** The input **
((

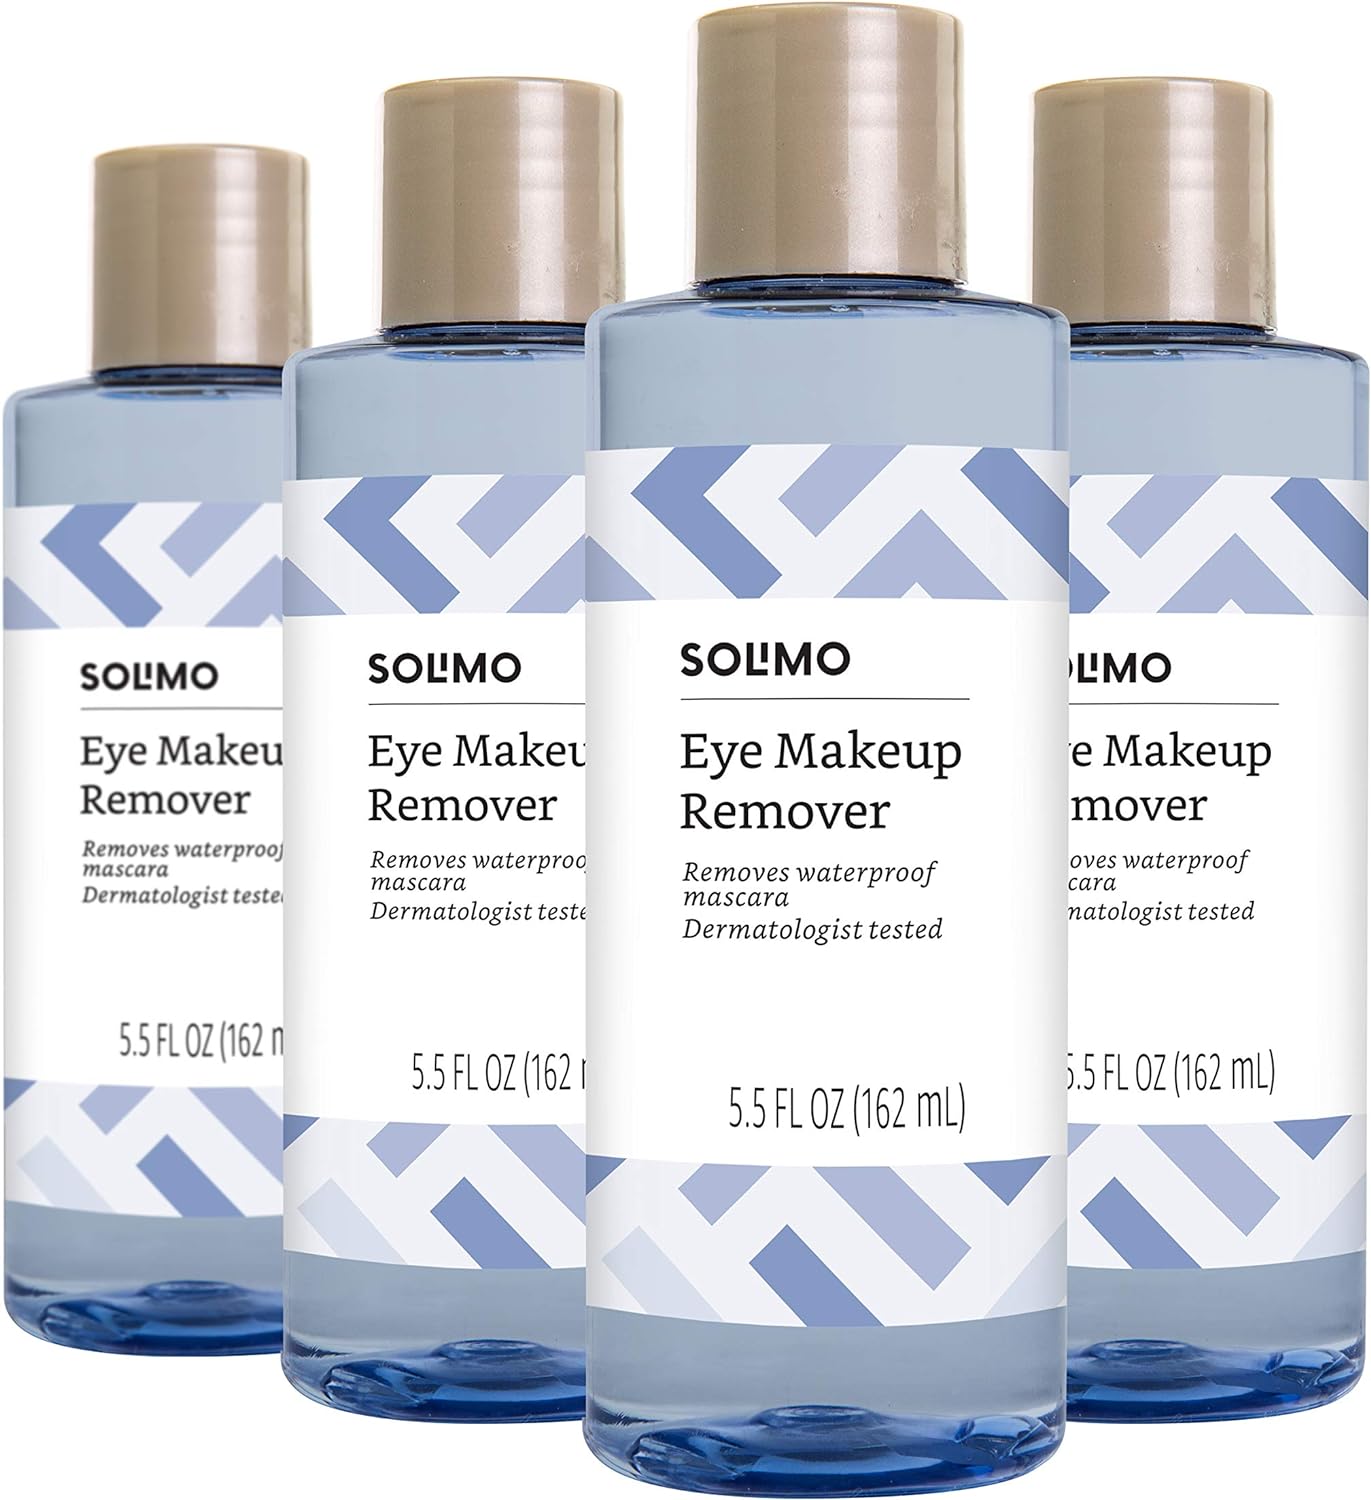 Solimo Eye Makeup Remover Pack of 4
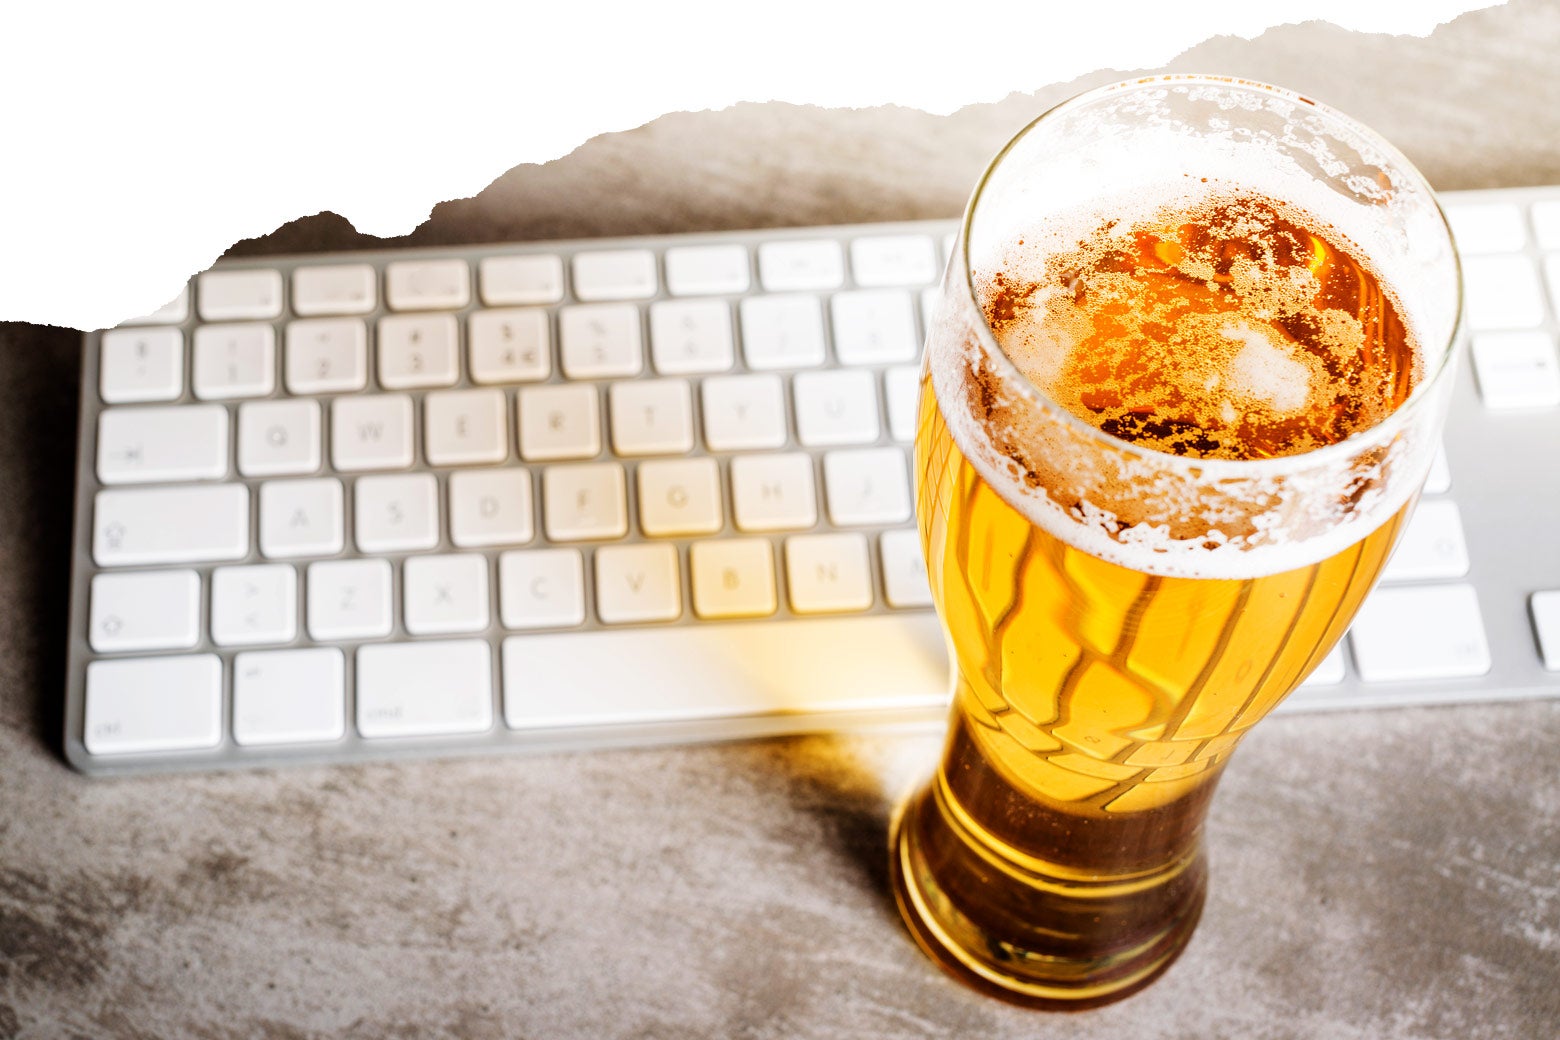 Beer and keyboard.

))
((

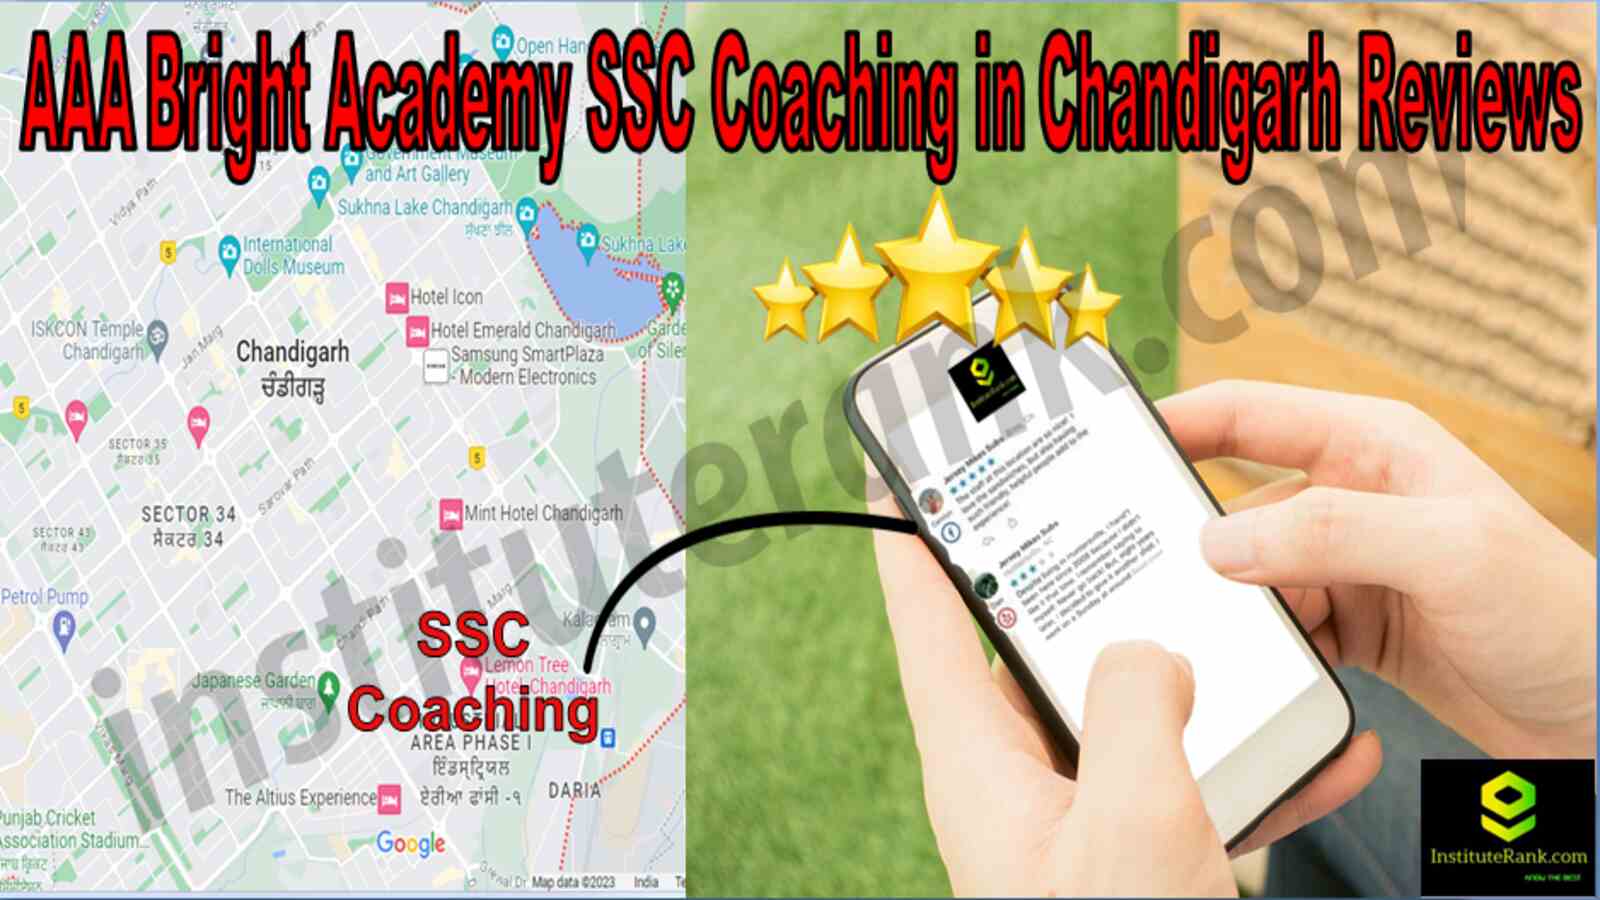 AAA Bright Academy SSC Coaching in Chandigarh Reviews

))

** Task to carry out **
Reproduce the listing above from the line that holds "Solimo Eye Makeup Remover Pack of 4" through the line that holds "Beer and keyboard.", both included, with the pictures left out.

** Answer space **
 Solimo Eye Makeup Remover Pack of 4
 Beer and keyboard.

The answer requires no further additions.